You may have heard about the historic energy deal recently made between China and Russia. In short, Russia will export about $400 billion of natural gas to China over the next 30 years. By 2018, this deal will be supplying about 25% of China’s energy need. Why should you care? Well, these transactions will be made in Chinese yuan and Russian rubles, not in U.S. dollars. In other words, this is a substantial blow to the petrodollar.

China and Russia have also set up swap facilities that exclude the greenback from other transactions. And, recent sanctions on Russia by the U.S. are accelerating that trend. Many Russian companies are quickly switching contracts from dollars to other currencies, partly to escape Western sanctions.
Gazprom, the famous Russian natural gas giant, provides a good example. It has signed agreements with consumers to switch from dollars to euros for payments. Alexander Dyukov, the company’s CEO, said: “Practically all — 95% of our customers — confirmed their willingness to move to settlement in euros.”1

And, it’s not just Russia and China. Brazil, India and South Africa are also joining this anti-dollar trend.

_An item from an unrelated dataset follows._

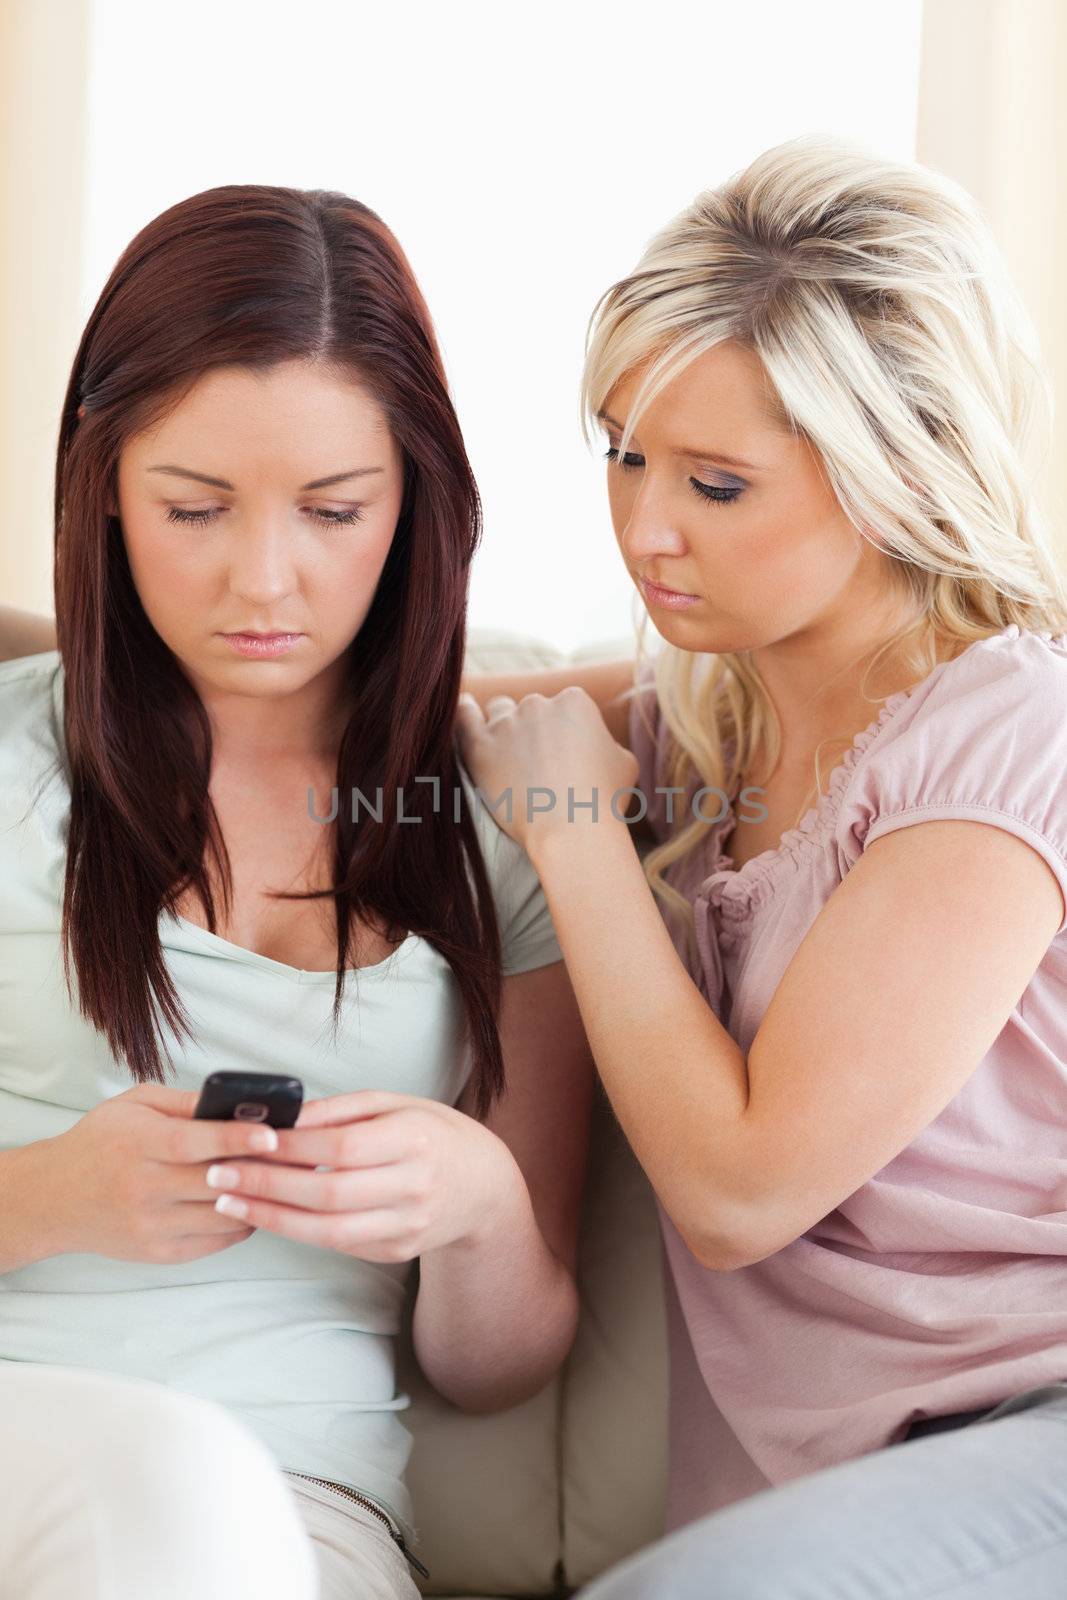 Shocked Women sitting on a sofa with a phone in a living room

The BRICS’ New World Order

Last June, Sergey Glaziev, Vladimir Putin's economy advisor, published an article outlining the need to establish an international alliance of countries willing to get rid of the dollar in international trade and refrain from using dollars in their currency reserves.
It looks like that alliance is taking shape.

Recently, the BRICS countries announced that they are “seeking alternatives to the existing world order.”2 The five countries unveiled a $100 billion fund to fight financial crises. This fund will be their version of the International Monetary Fund (IMF). They will also launch the New Development Bank (NDB), which will be their alternative to the World Bank. It’s a new bank that will make loans for infrastructure projects across the developing world.

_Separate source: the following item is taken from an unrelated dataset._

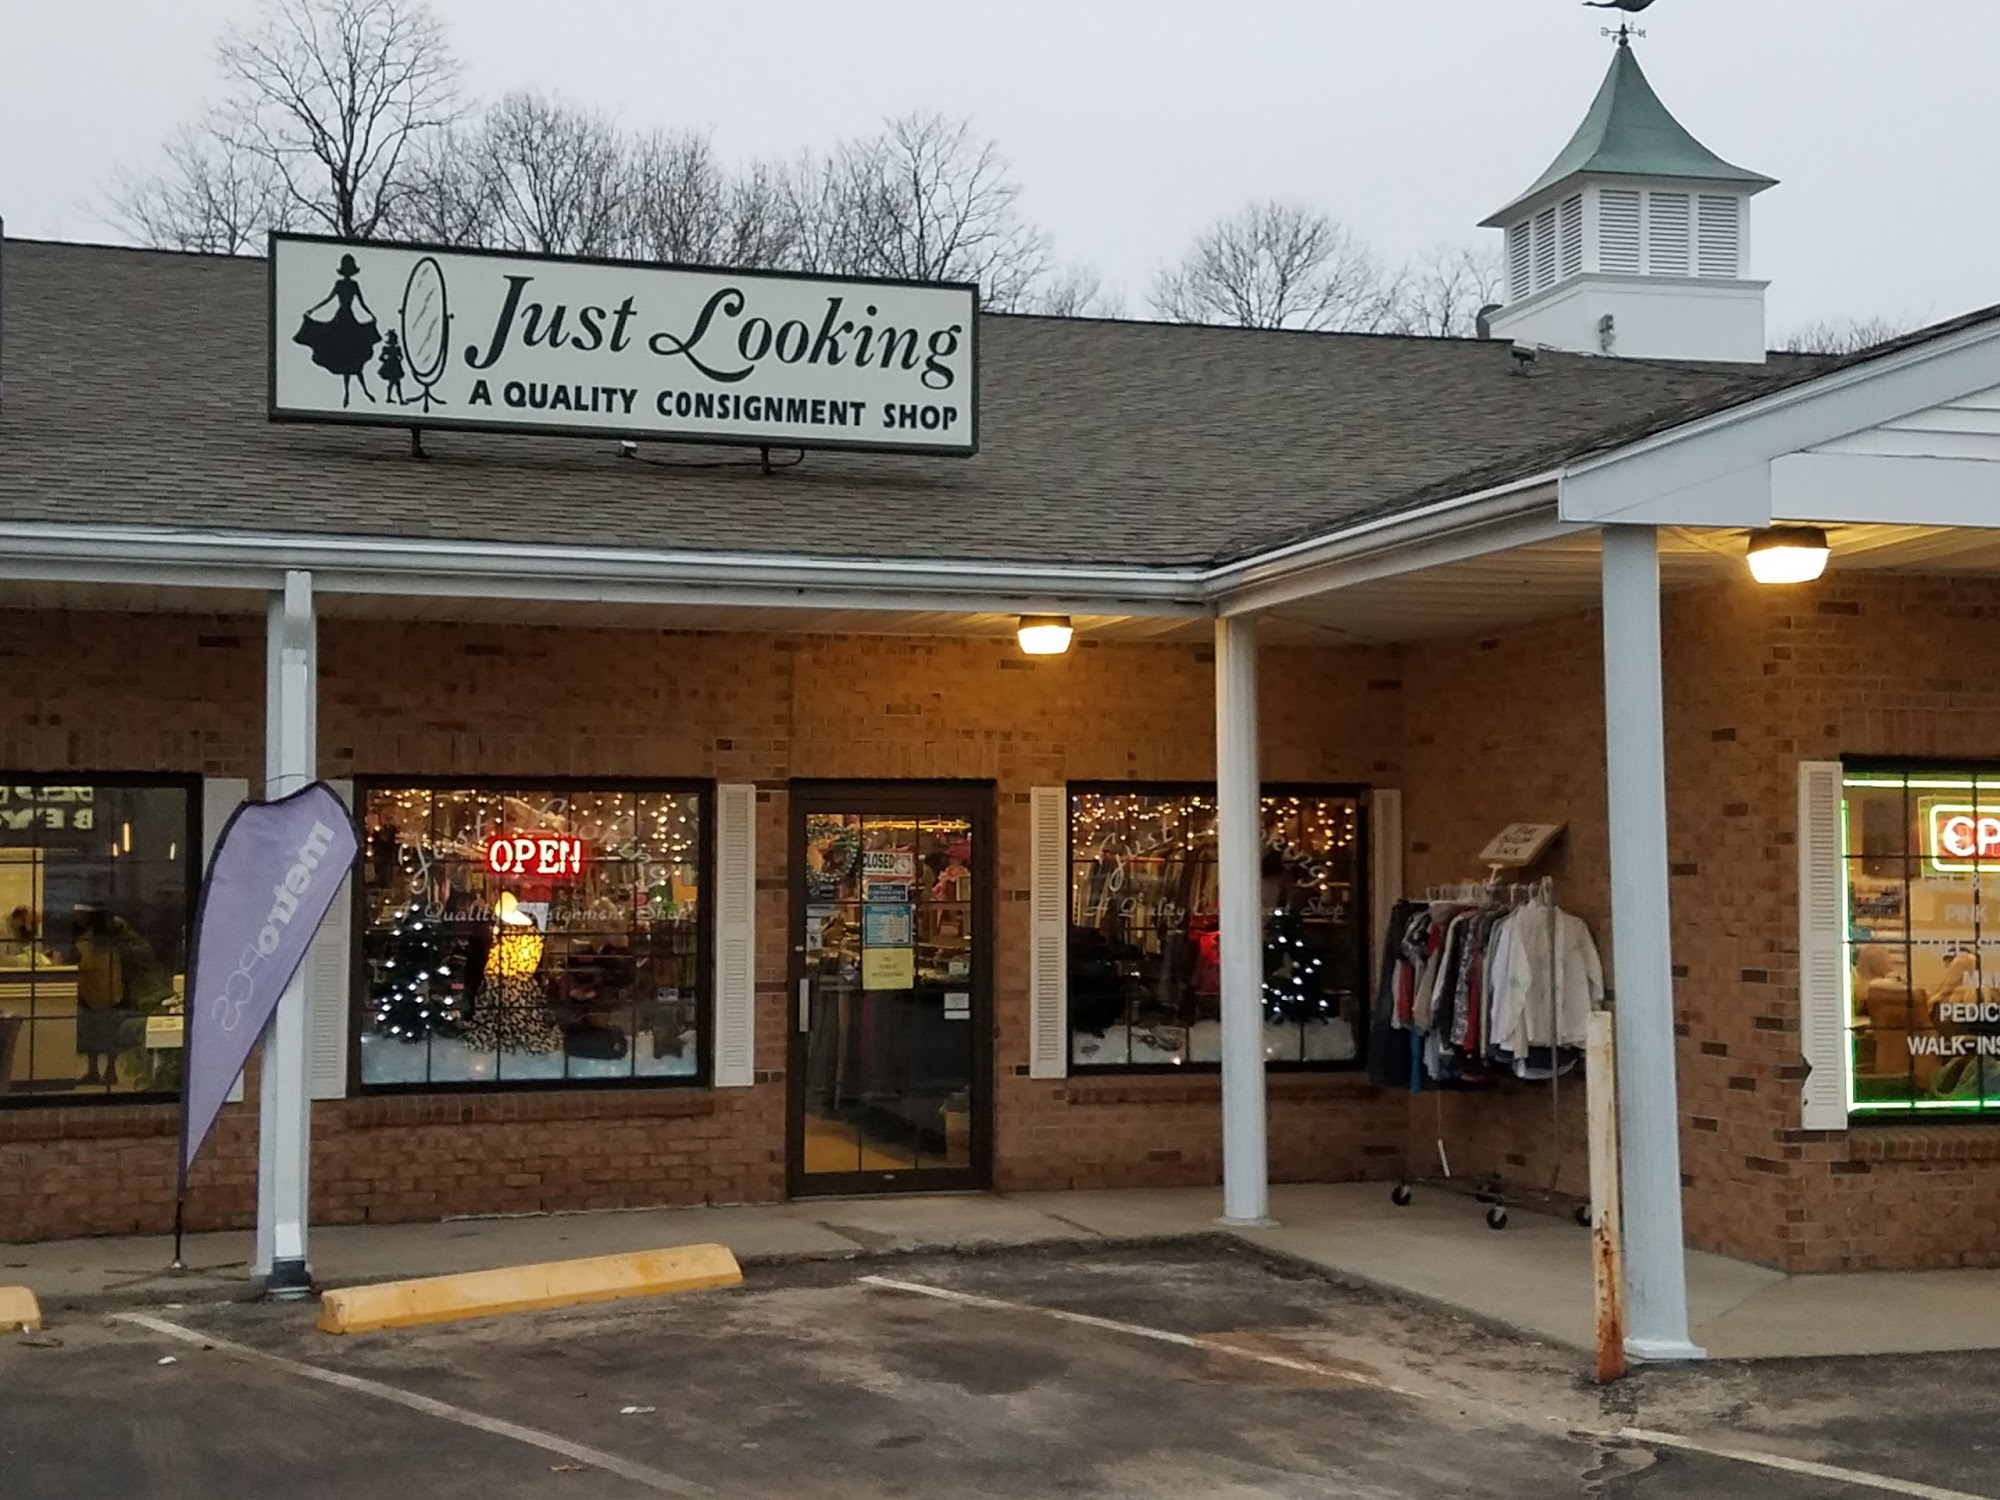 Just Looking Consignment Shop

The BRICS’ version of the IMF will function around a currency reserve pool. Each country will contribute to the fund according to the size of their economies. It’s expected that contributions to the currency reserve pool will be as follows: China, $41 billion; Brazil, India, and Russia, $18 billion each, and South Africa, $5 billion.

The punchline, however, is that the dollar will play no role in that currency reserve pool. Currency swaps between the BRICS central banks will facilitate trade financing while completely bypassing the dollar. With these two new institutions, the five countries are taking steps to effectively reduce their dependence on the dollar and other American institutions, such as the Fed and the IMF. As Brazilian President Dilma Rousseff told reporters, the five countries “are among the largest in the world and cannot content themselves in the middle of the 21st century with any kind of dependency.”3

To be clear, we don’t expect this BRICS anti-dollar alliance will destroy the dollar’s global reserve currency status overnight. But, the trend is clearly moving against the dollar. And, if this trend continues, most of the significant global economies will gradually abandon the greenback.
These countries are essentially taking steps to move away from a dollar-based global trade system. This is a big deal because the BRICS countries are all expected to be future financial powerhouses. If they continue to kick the dollar out of their economic relations, this could seriously hurt the buck.
This means that an increasing amount of global trade will be done in other currencies, weakening the demand for dollars. As the buck continues to lose status in the international area, there could be consequences for every dollar-based investment.

This process could take several years…or it could happen relatively quickly, with a sudden dollar crisis. Under that scenario, U.S. dollar-based assets could suffer a significant loss of value. U.S. investors could potentially protect their portfolios against the risk of a sudden crisis simply by keeping a portion of their assets in gold, silver and other hard assets.